One of the most fertile areas where trustees of UK pension schemes administered by third party providers could be at risk of suffering damage to their reputation is when errors occur. The cost impact of such errors could also be significant for the trustees and the scheme’s sponsoring employer (not to mention the provider!).

Trustees are in a position to mitigate this risk by paying close attention to key provisions in their third party provider service contracts and in their internal control and governance procedures. In addition, new draft Guidance issued by the Pensions Administration Standards Association (PASA) also has the aim of raising standards amongst providers by encouraging administrators to meet PASA’s standards for identifying, recording, reporting and acting on errors.

To meet PASA’s standards, administrators are required to report errors to trustees and demonstrate their processes for identifying and resolving errors. The draft Guidance is intended to establish a consistent approach to defining and dealing with errors and to prompt trustees and providers to actively consider measure to reduce the occurrence of errors.

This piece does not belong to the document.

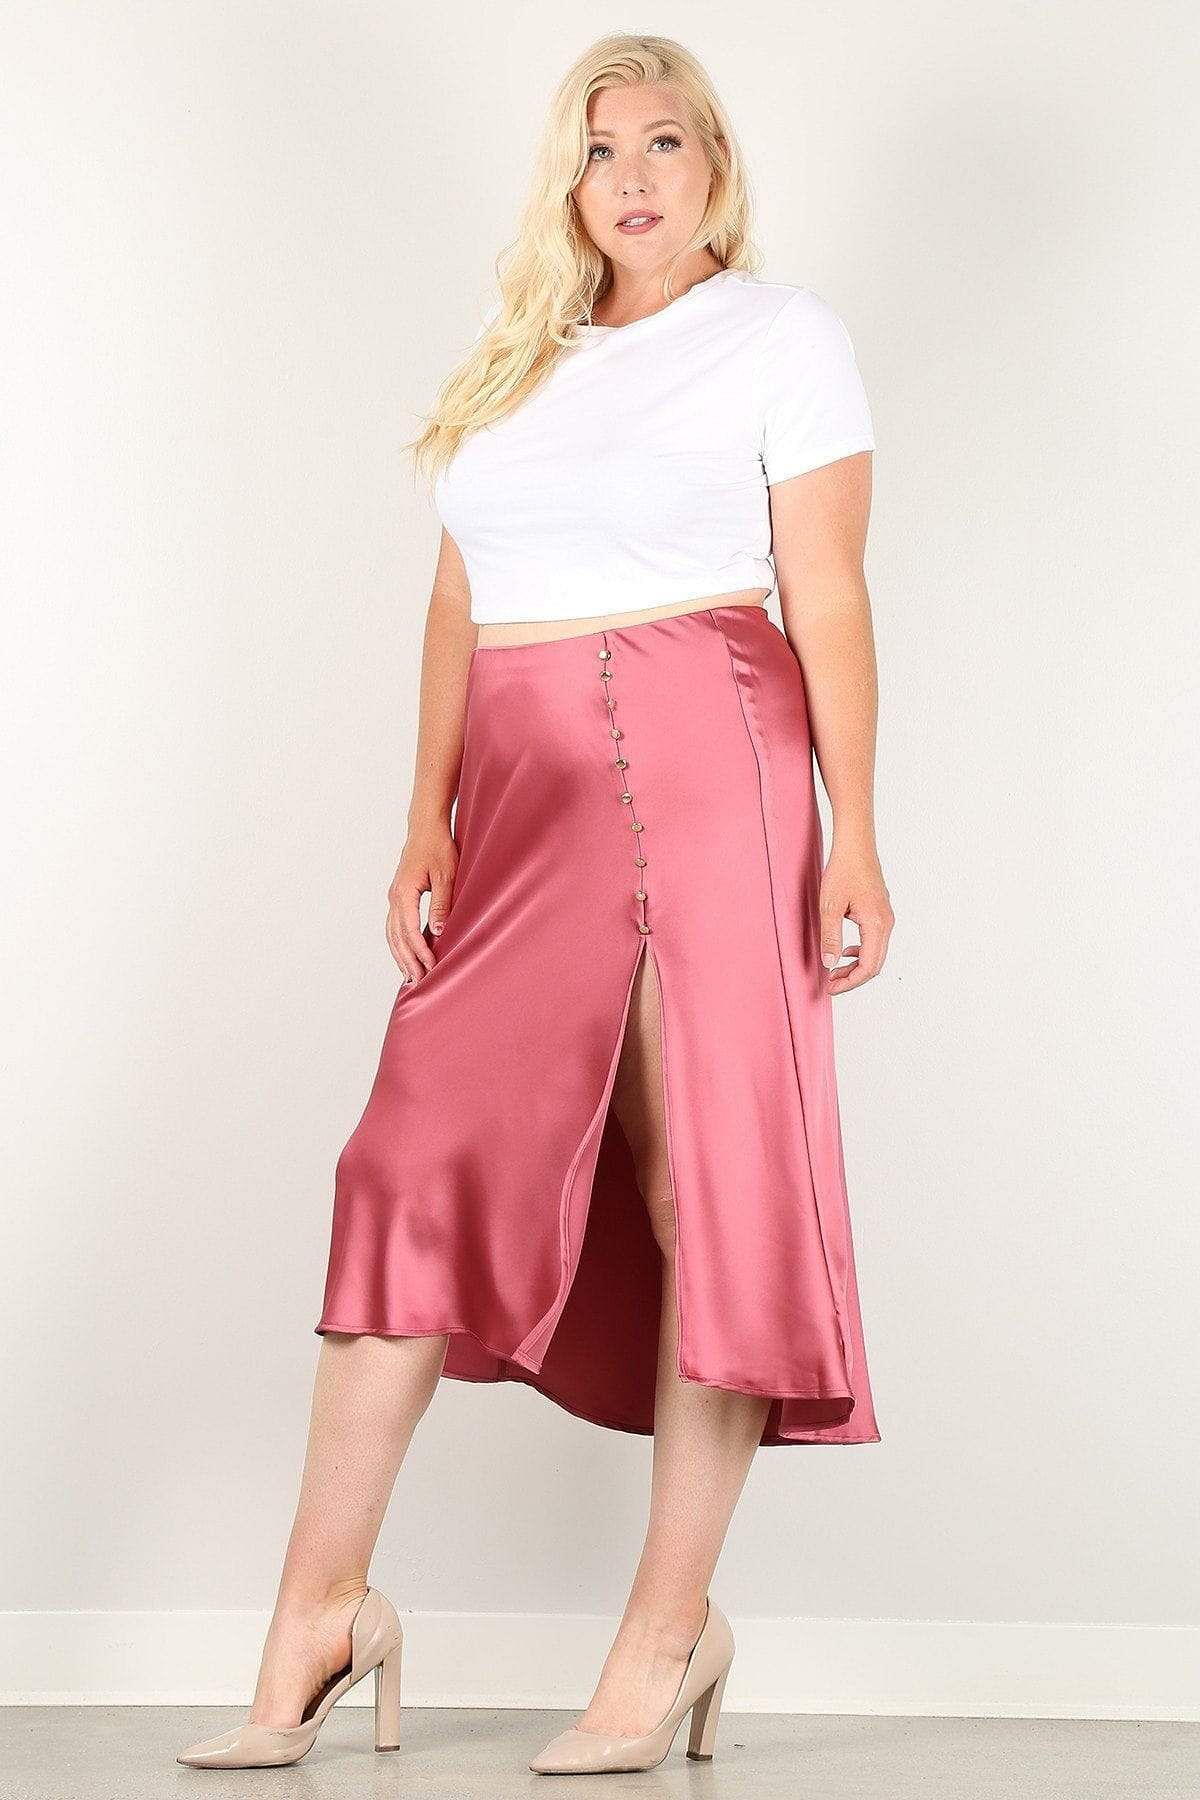 Rose Plus Size Midi Skirt With Side Slit - Shopping Therapy 3XL skirt

The PASA definition of an error is “an inaccuracy in a financial amount quoted or paid to or on behalf of a member” and the Guidance sets out examples of the types of error which should be measured, including where the cause of the error was outside the provider’s control. There are also recommendations for providers’ internal audit process and the contents of error reports which are presented to trustee boards.

Given the complex nature of pensions administration, PASA’s approach is realistic and it acknowledges that mistakes do happen. Nevertheless, the draft Guidance offers a reminder to trustees of the importance of limiting reputational risk by improving error management and reviewing the key provisions of provider contracts.

The consultation on the draft Guidance closes on 30 June 2014.